Indeed. Now I copied the file to my afs public. At minimum from my independent service account, I can access it.

[tpcdrop@lxplus8s06 ~]$ ls -alrt /afs/cern.ch/user/m/mivanov/public/root-forum/rdataframe-asnumpy-as-jagged-arrays/trackingDebug.root
-rw-r–r–. 1 mivanov z2 987015733 21. Feb 16:31 /afs/cern.ch/user/m/mivanov/public/root-forum/rdataframe-asnumpy-as-jagged-arrays/trackingDebug.root

mivanov · February 21, 2022, 3:45pm

https://cernbox.cern.ch/index.php/apps/files/?dir=/__myshares/www%20(id%3A437941)/root-forum/rdataframe-asnumpy-as-jagged-arrays&

pcanal · March 3, 2022, 9:42pm

I got the file but I can’t find the tree that has the branch gyCluster etc.
I.e. can you give us a script that reproduce the problem (with the EntryList and SetEstimate)

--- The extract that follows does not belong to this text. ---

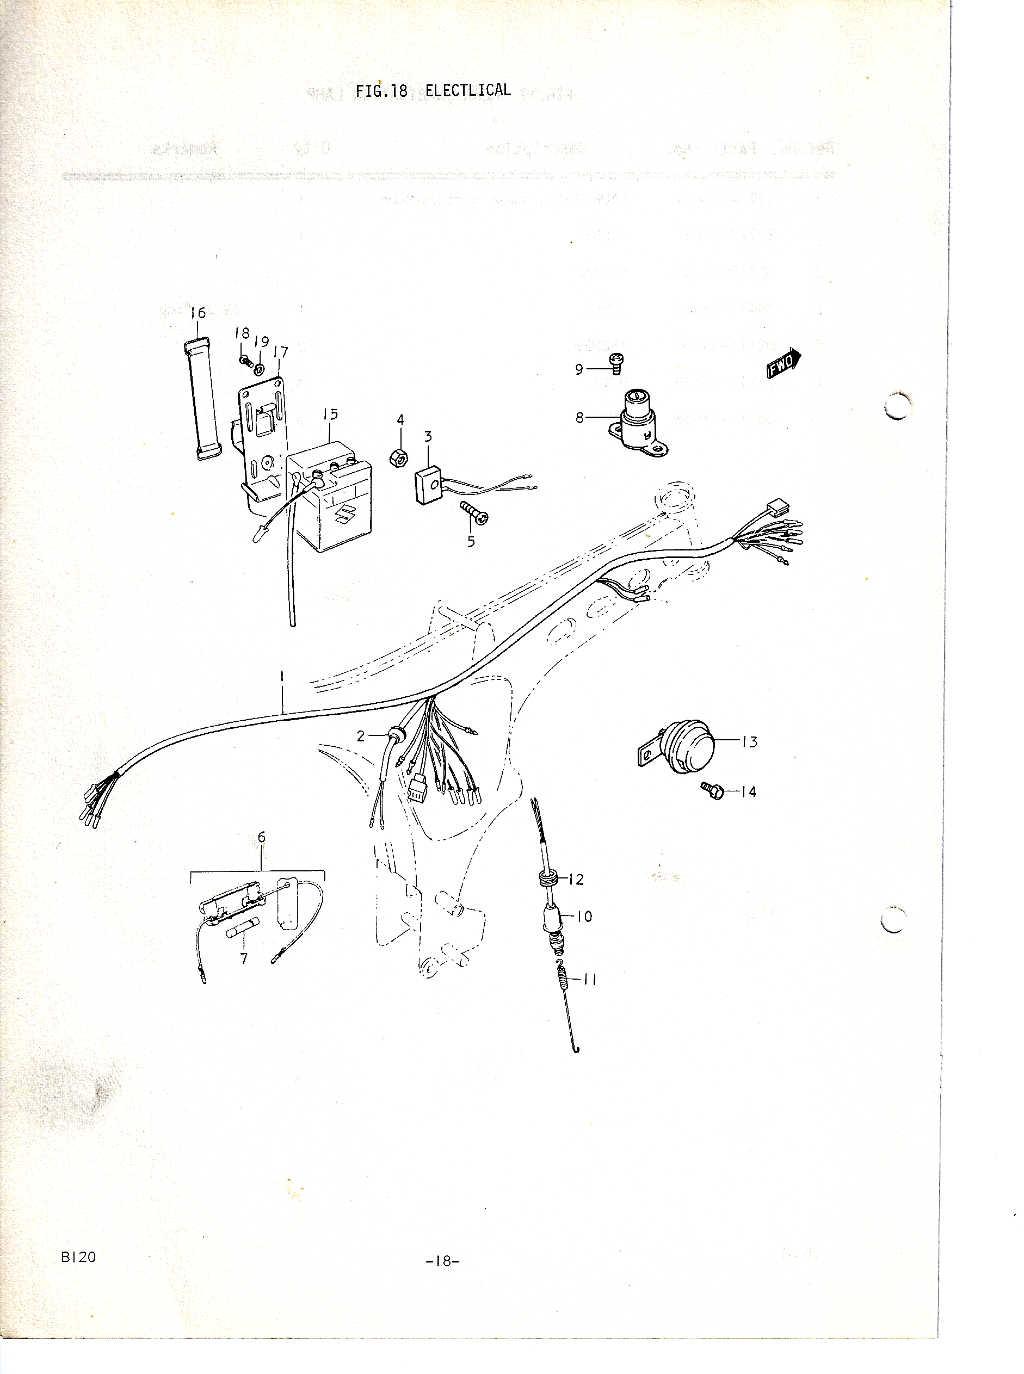 Suzuki B120 Parts Manual

mivanov · March 6, 2022, 7:45pm

@pcanal

The code is highly experiment-dependent. So I can not just extract the smallest piece to reproduce the problem. Without loading the compiled macro, the code fails even before that.
https://gitlab.cern.ch/alice-tpc-offline/alice-tpc-notes/-/blob/master/JIRA/ATO-432/code/monoAnalysis.cxx#L1221
If I load the macro, the simplest code to reproduce the problem is here:

/*
  this is the simplest macro to reproduce the bug reported in the https://root-forum.cern.ch/t/rdataframe-asnumpy-as-jagged-arrays/48835/2
*/

void reproduceBug(){
  //  .L $NOTES/JIRA/ATO-432/code/monoAnalysis.cxx+g
  TFile *f= TFile::Open("dirClusters000/trackingDebug.root");
  TTree * treeSeedsRef = (TTree*)f->Get("seed1");
  //
  treeSeedsRef->SetAlias("gyCluster","sin(seed.fClustersTrack.fData.fY)*seed.fClustersTrack.fData.fX");
  treeSeedsRef->SetAlias("gxCluster","cos(seed.fClustersTrack.fData.fY)*seed.fClustersTrack.fData.fX");
  treeSeedsRef->SetAlias("gzCluster","seed.fClustersTrack.fData.fZ");
  // set event list
  treeSeedsRef->Draw(">>elistSelected","Max$(seed.fToTRange)>2","EventList");
  TEventList*elistSelected= (TEventList*)gDirectory->Get("elistSelected");
  treeSeedsRef->SetEventList(elistSelected);
  //
  treeSeedsRef->SetEstimate(1000000);
  treeSeedsRef->Draw("gyCluster:gxCluster:gzCluster","1","goff para");
  printf("%lld\n",treeSeedsRef->GetEstimate());
}

If you are interested, I can try to provide you with a singularity container that you can check on lxplus8.

mivanov · March 6, 2022, 7:53pm

@pcanal - at the moment I have started using RDataFrame to achieve similar functionality … but it needs more coding, respectively I am waiting for implementation of “awkward” <-> RDataFrame https://github.com/scikit-hep/awkward-1.0/pull/1295

system · March 20, 2022, 7:53pm

This topic was automatically closed 14 days after the last reply. New replies are no longer allowed.